▶ The problem: Write out word for word the lines from the one holding "2015 Acura TLX" through the end of the data, and only those lines. Pictures stay out.

=== Material provided ===

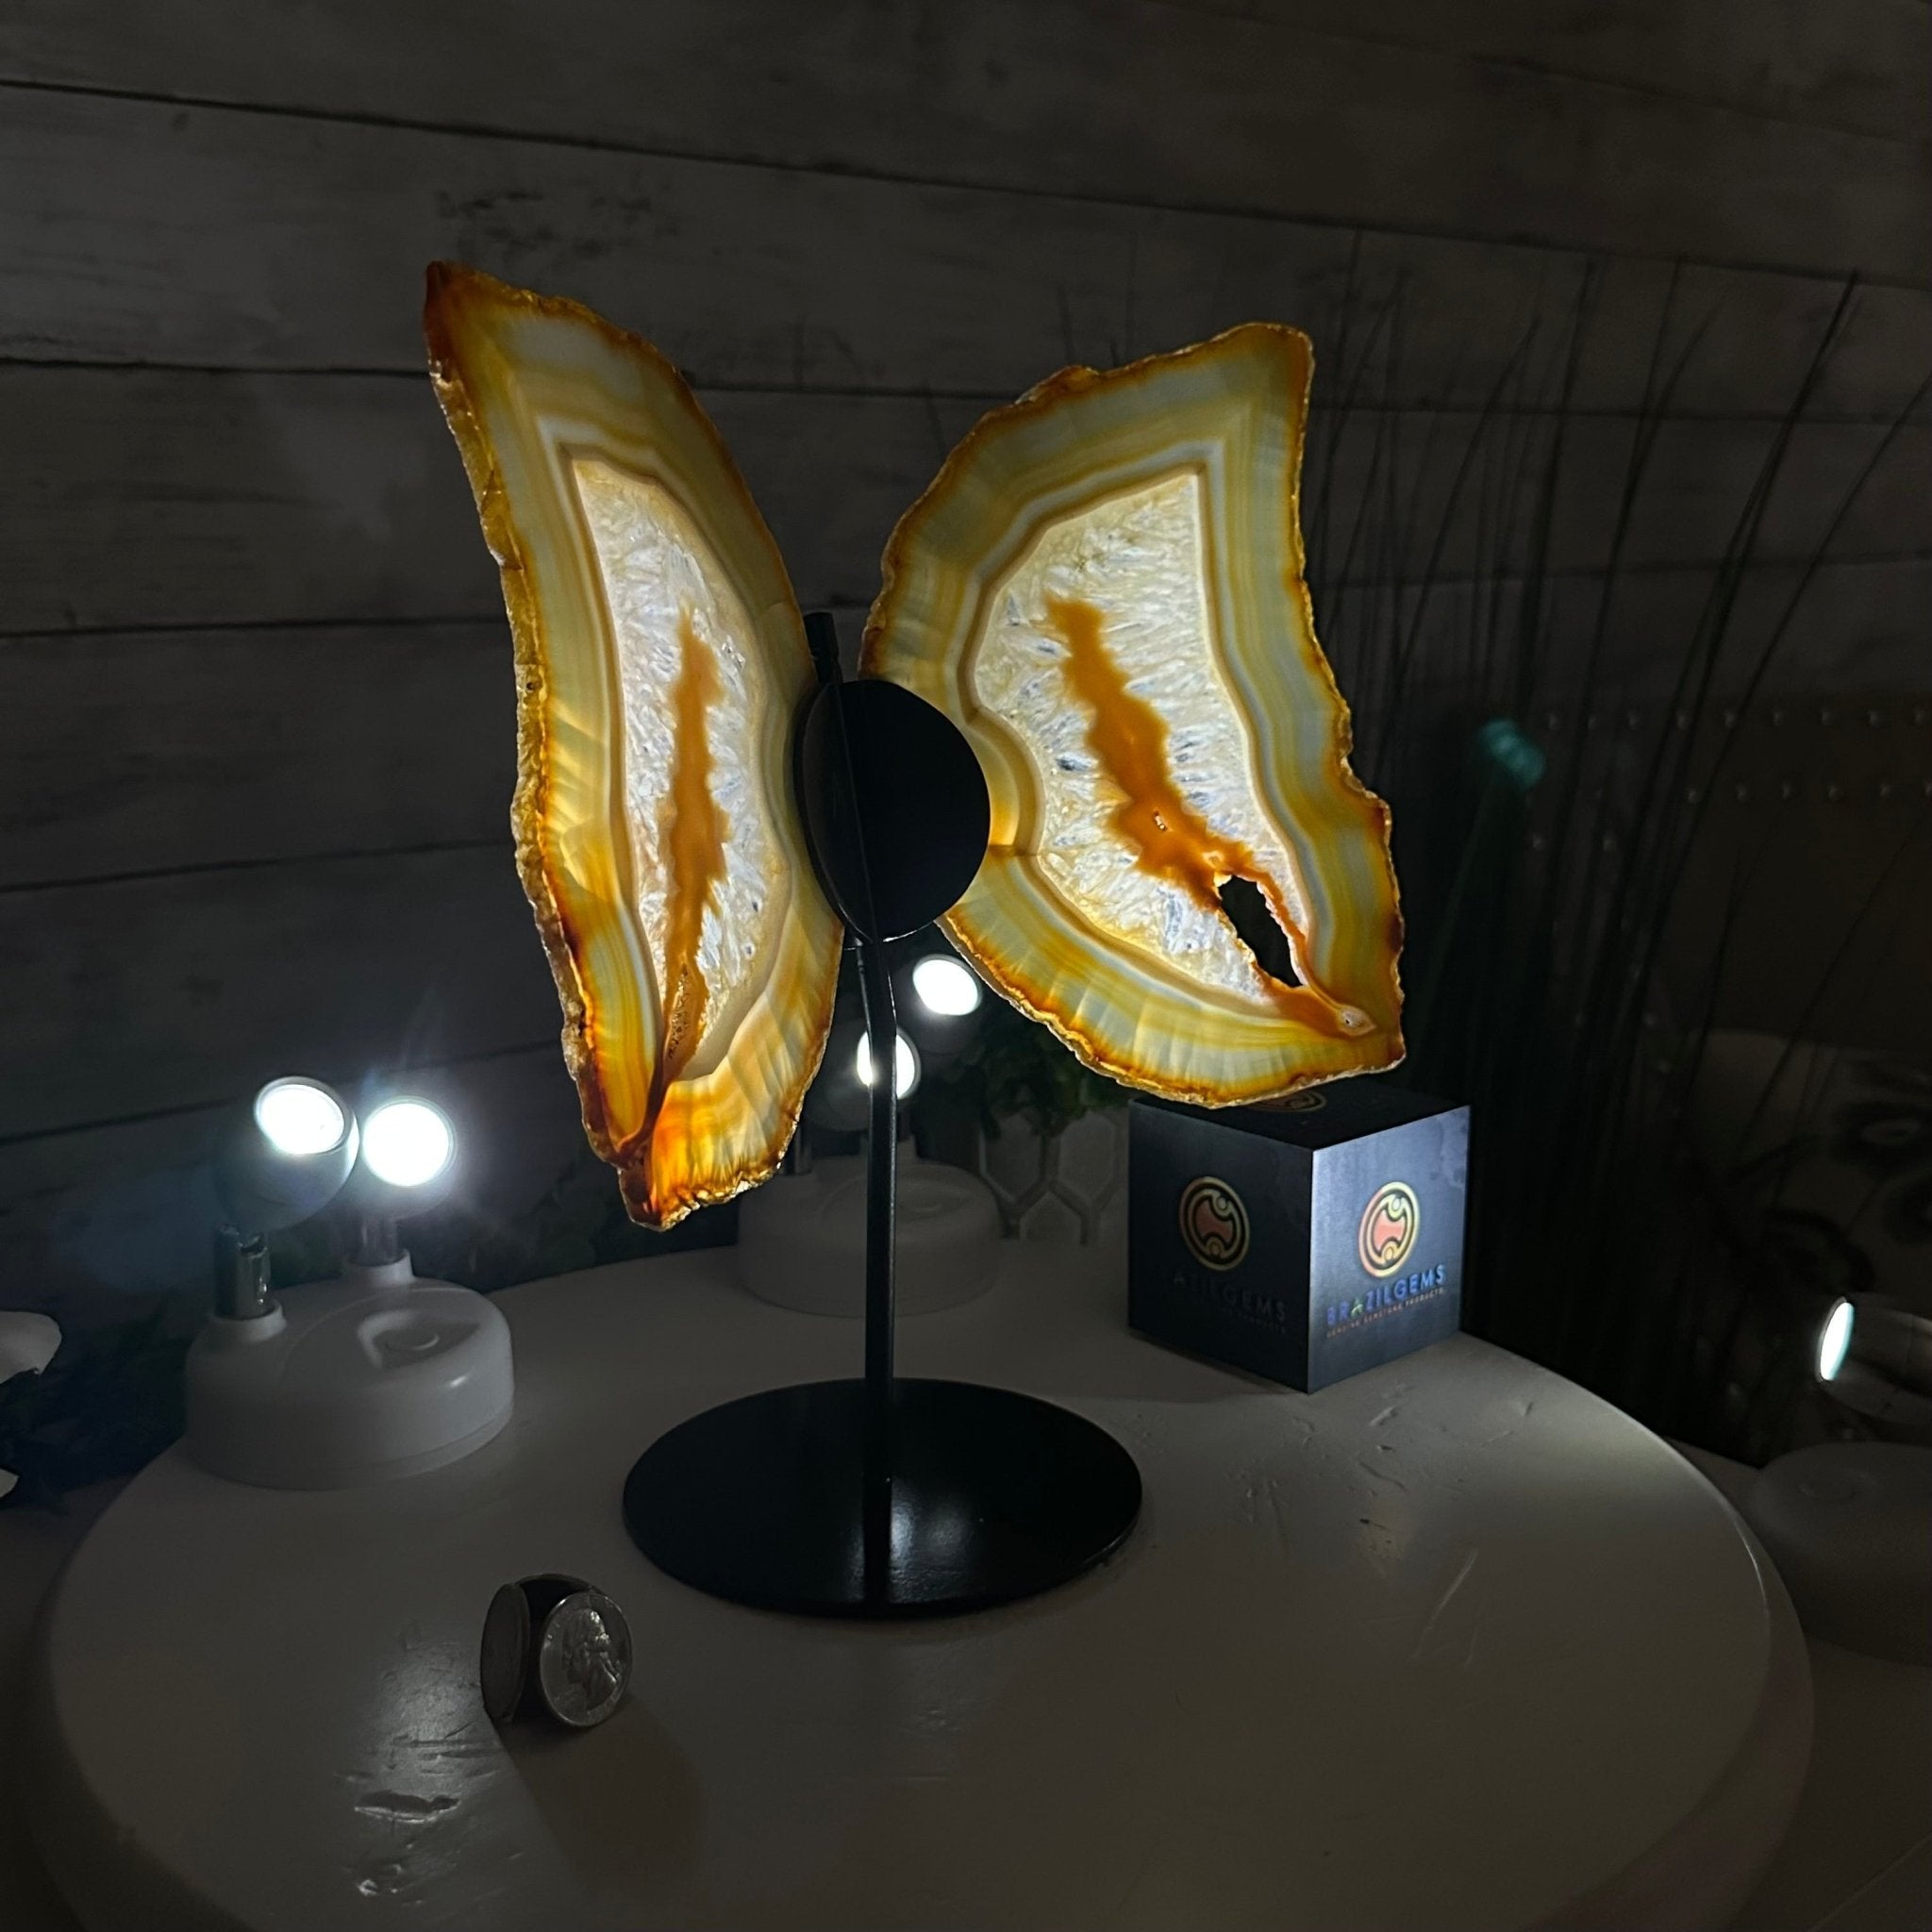 Natural Brazilian Agate "Butterfly Wings", 10.6" Tall #5050NA-122 - Brazil GemsBrazil GemsNatural Brazilian Agate "Butterfly Wings", 10.6" Tall #5050NA-122Agate Butterfly Wings5050NA-122
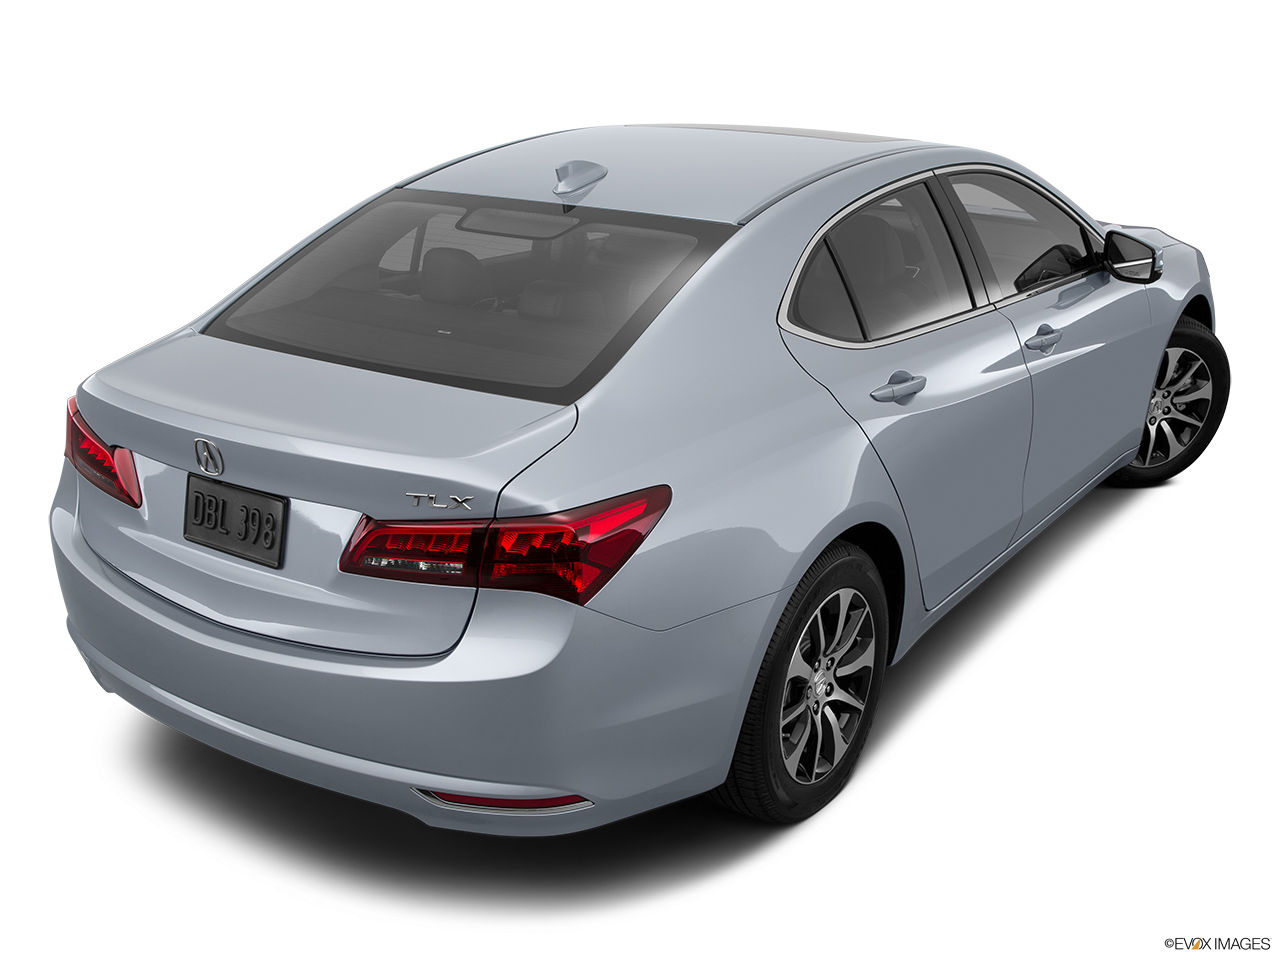 2015 Acura TLX 2.4 8-DCP P-AWS Rear 3/4 angle view. 
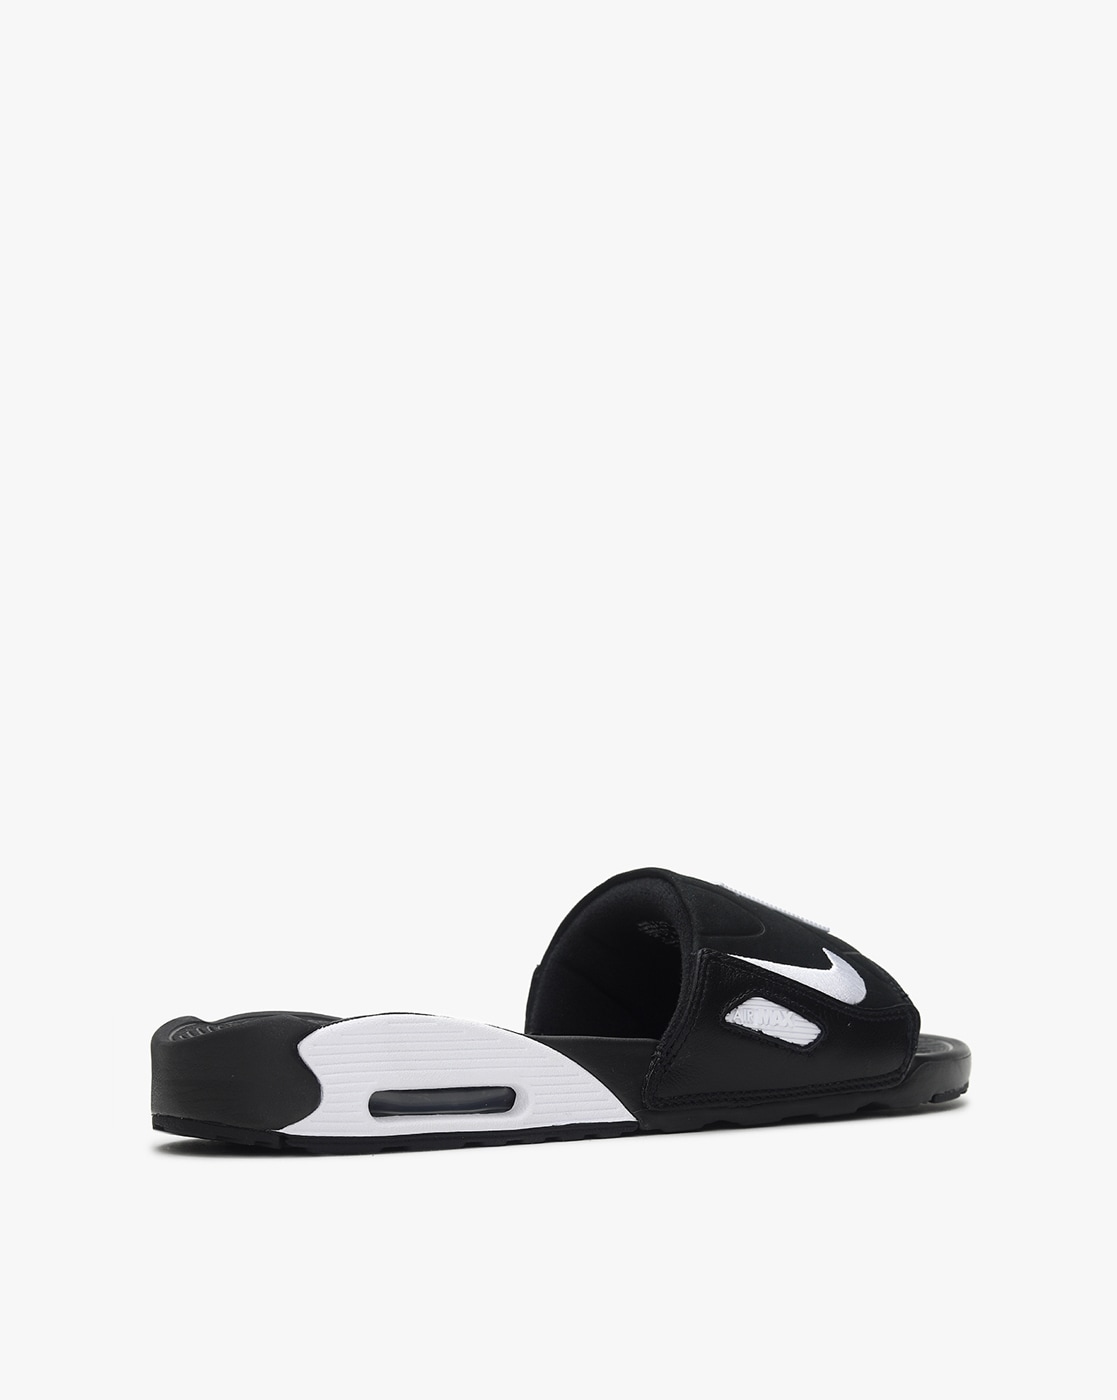 Nike Sandals and Slippers Styles, Prices - Trendyol

===

▶ Answer below:
 2015 Acura TLX 2.4 8-DCP P-AWS Rear 3/4 angle view. 
 Nike Sandals and Slippers Styles, Prices - Trendyol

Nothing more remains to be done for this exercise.